Interest certainly seems to be growing in lift trucks in manufacturing and distribution that are powered by hydrogen fuel cell technology. Coca-Cola for example is running one bottling plant in Georgia entirely on fuel cell powered trucks, using some three dozen vehicles in all. At the MODEX 2012 trade show in Atlanta this week, Air Products announced it was just about the pass the 1000 vehicle mark in terms of the number of lift trucks for which it is supplying hydrogen in the US.

Most of the media coverage about this has been more focused on the truck technology itself, and the refueling process and stations in the distribution center or plant, and generally not so much around the back end infrastructure requirements and options needed for delivering hydrogen gas to the facility. (See Fuel-Cell Powered Lift Trucks Starting to Make an Impact in Distribution Centers.)

Several providers of hydrogen gas were at the MODEX show, and SCDigest had the chance to meet for some time with representatives from Air Products to discuss these back end issues.
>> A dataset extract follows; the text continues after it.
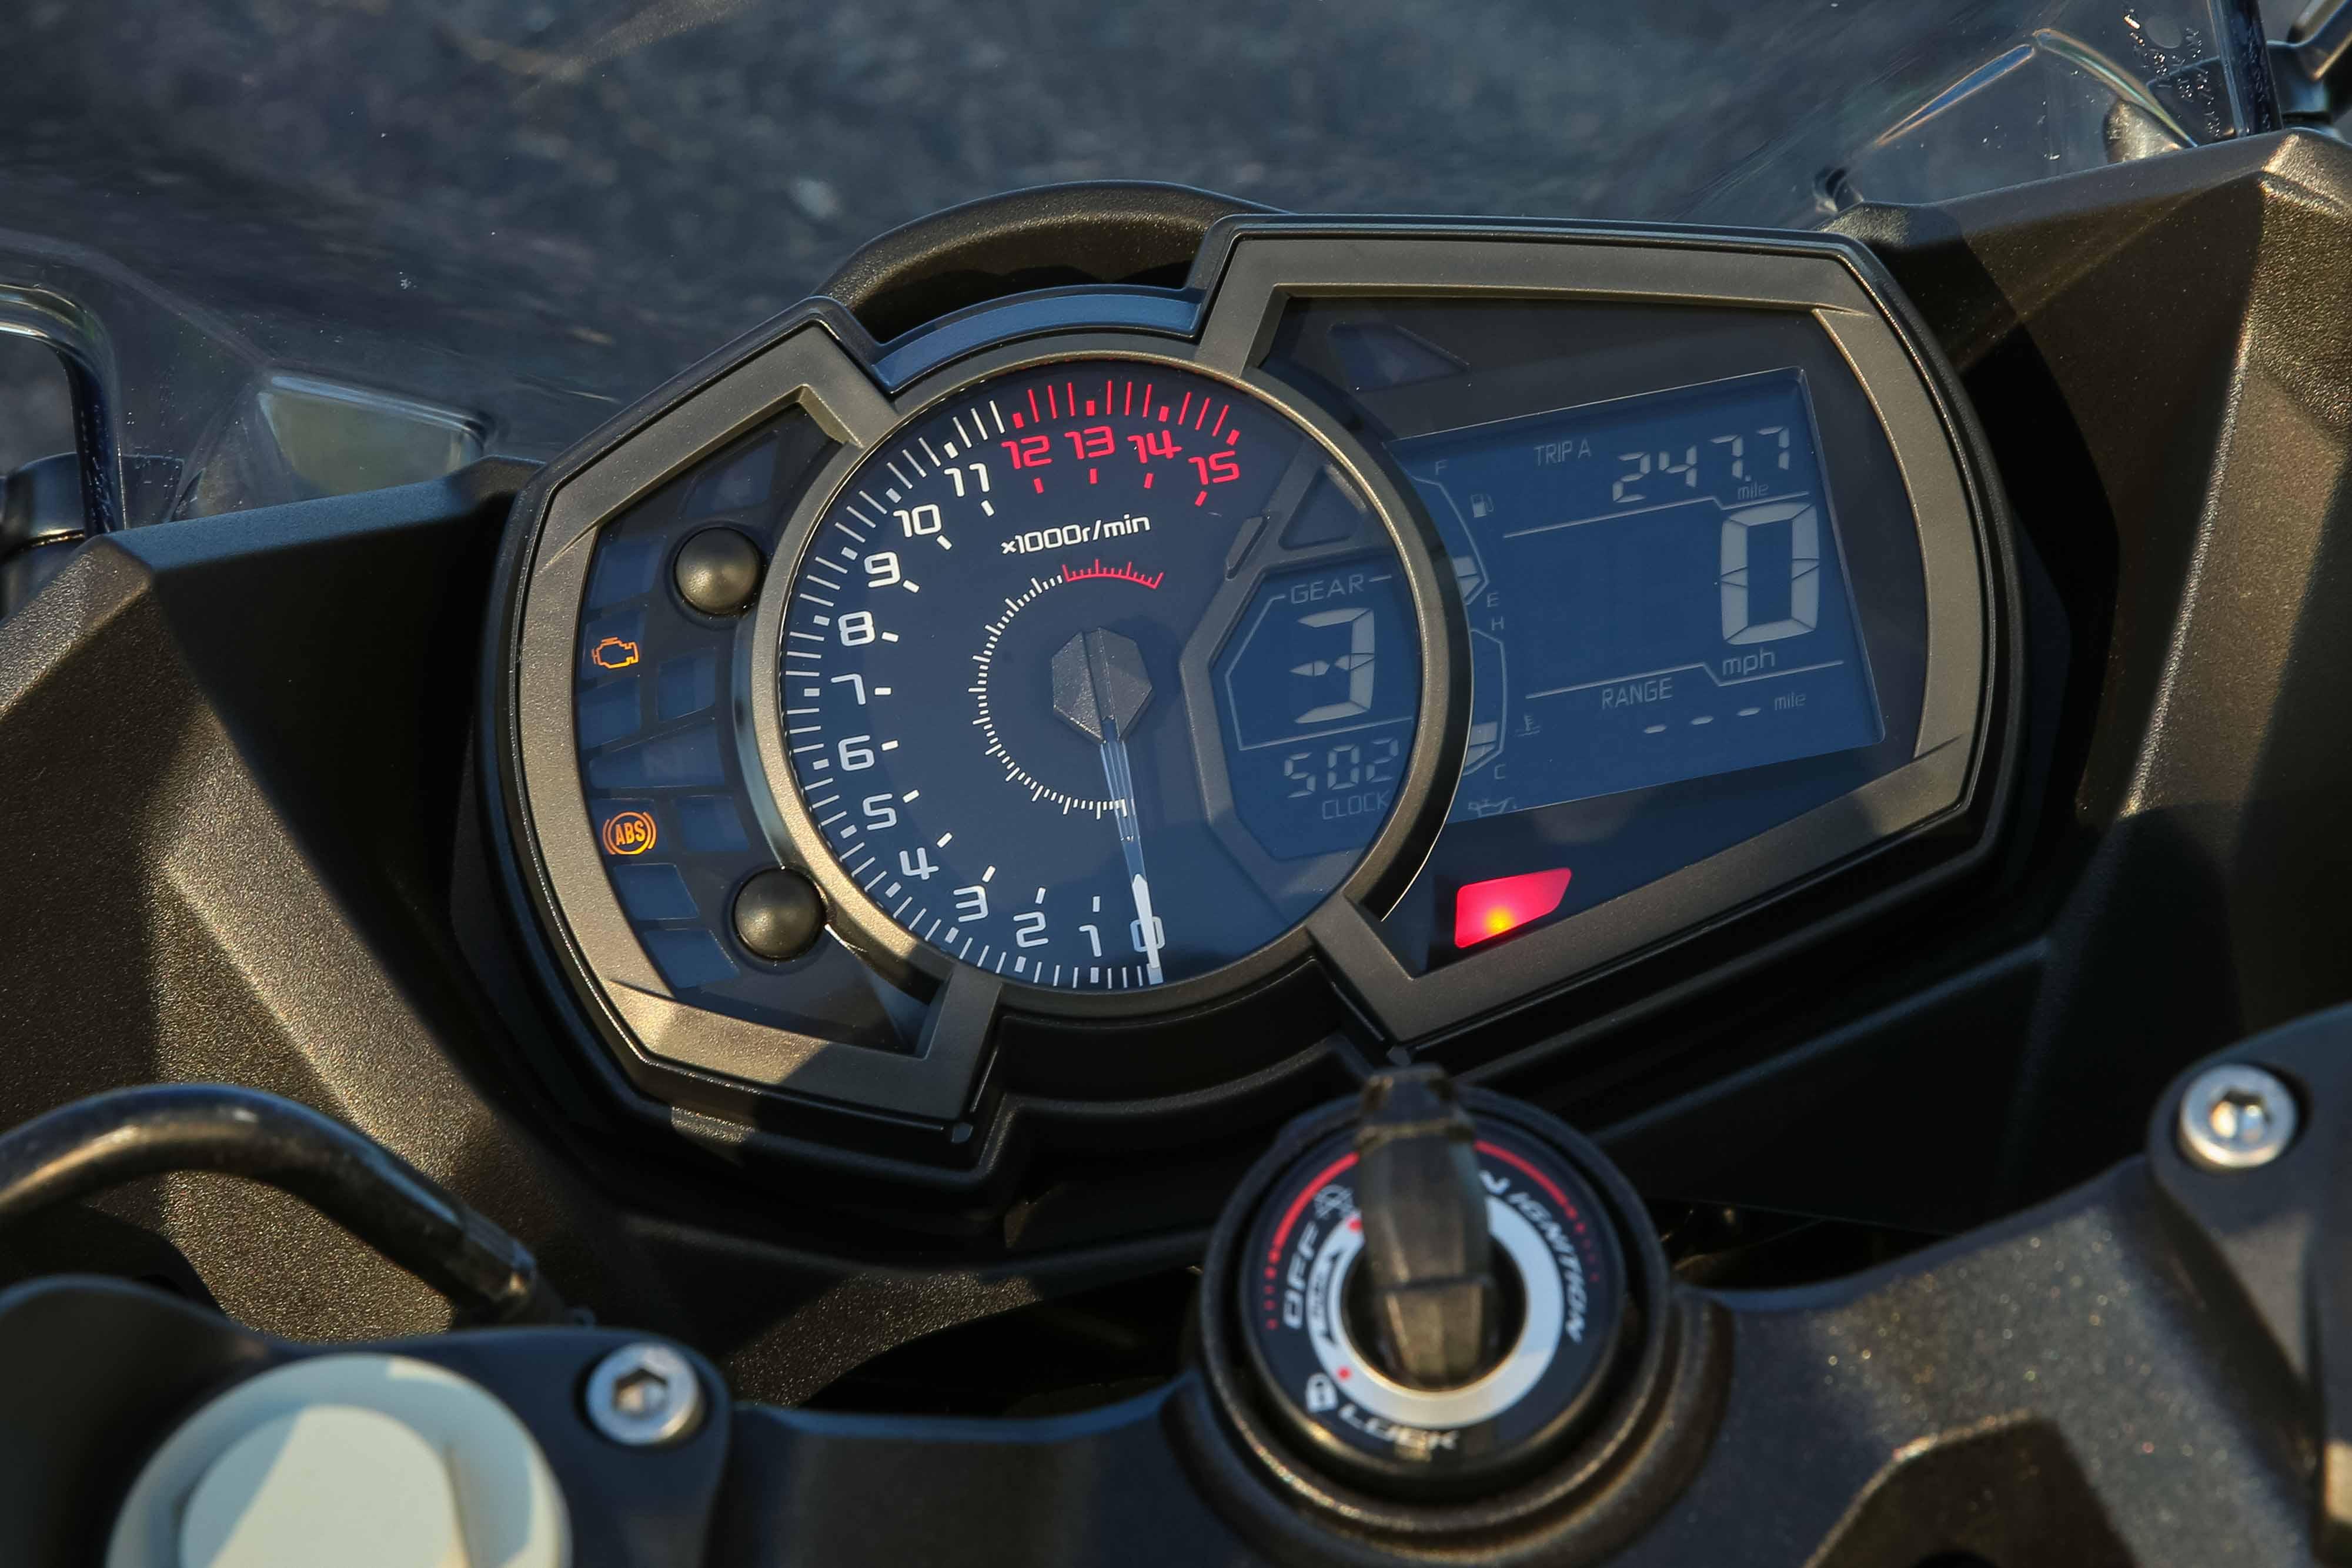 2018 Kawasaki Ninja 400 First Ride Review Revzilla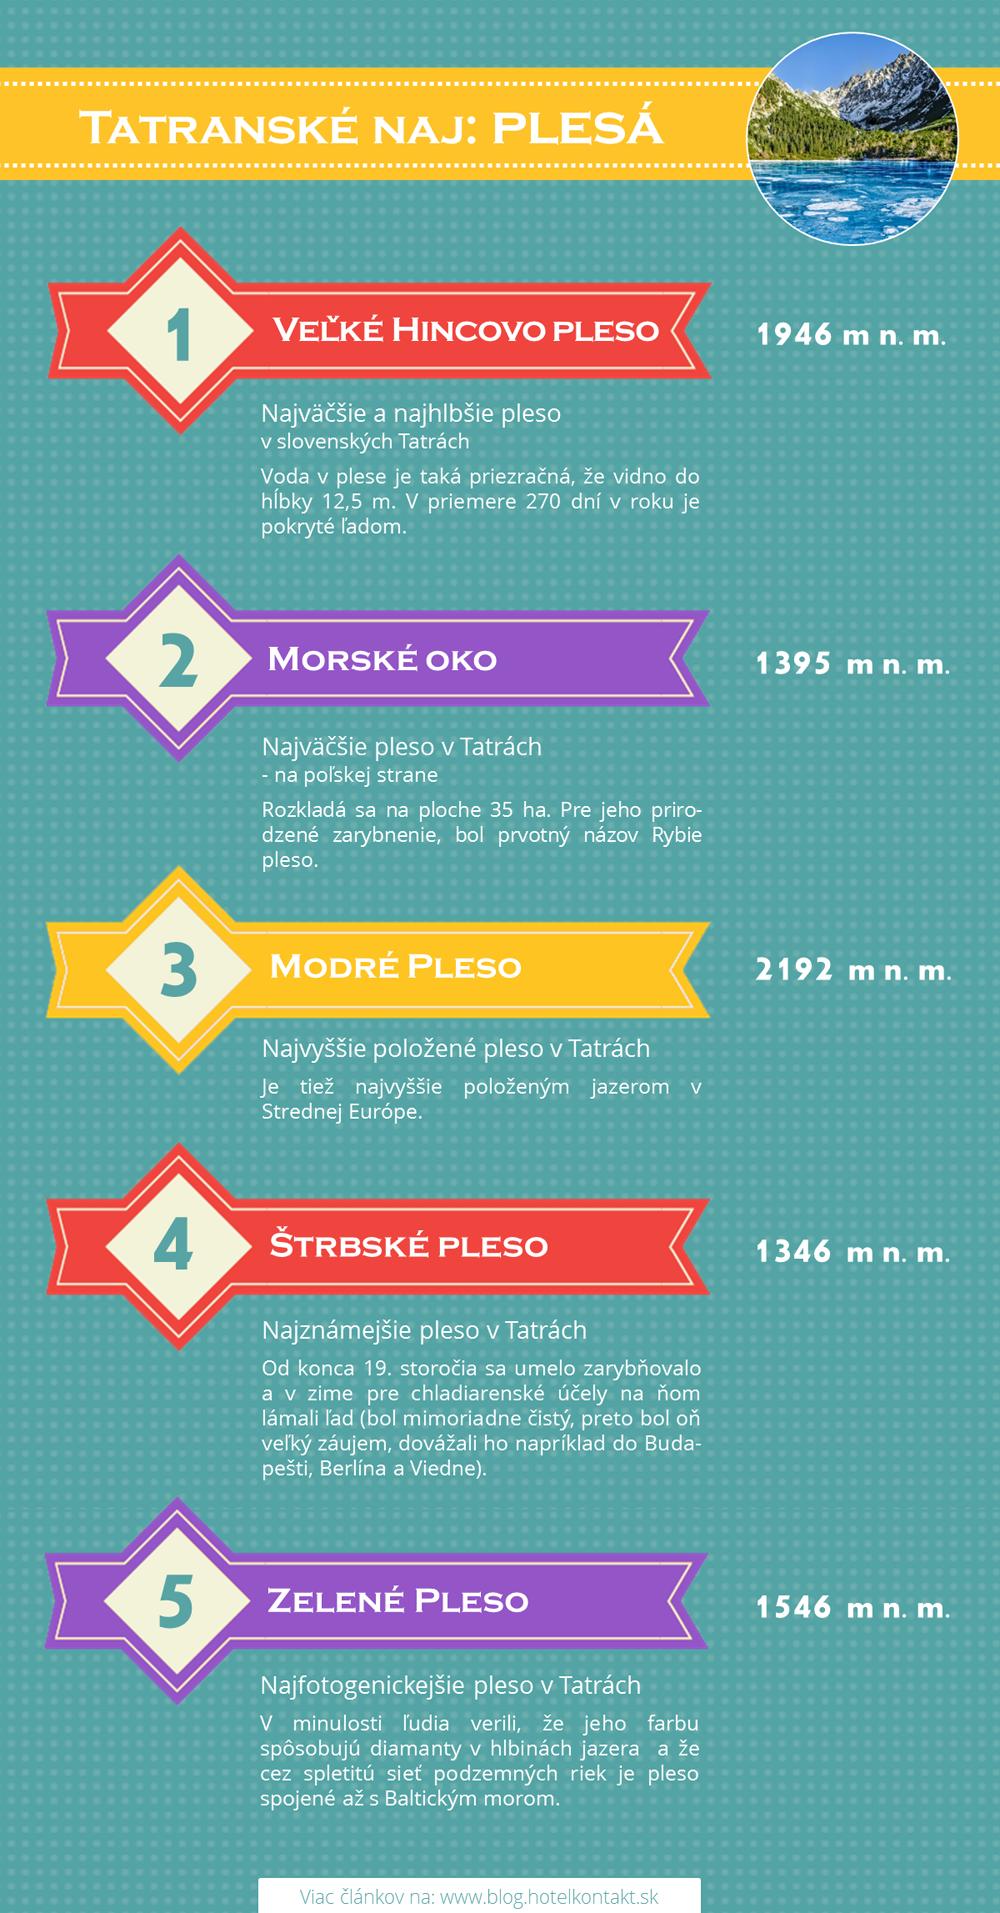 Infografika-tatranske-naj-plesa

First, we learned a lot more about how hydrogen gas is actually produced. While there are a number of ways to create hydrogen gas, the most popular method today is a refinery-type operation in which natural gas (of which the US has an abundant supply for what right now at least are very low prices) is moved through a process in which steam is brought into the chamber with the nat gas and the mixture is moved over a chemical catalyst.

That process breaks out hydrogen molecules from both the natural gas as well as the water/steam.

It turns out there are many uses for that hydrogen besides the fork truck or other fuel cell-based vehicles, which means that there are many generating facilities already across the US. That is important, because as we discuss below, how far a given facility is from such a refinery is a key determinant of the delivered cost of the fuel itself as well what the lowest total cost approach will be.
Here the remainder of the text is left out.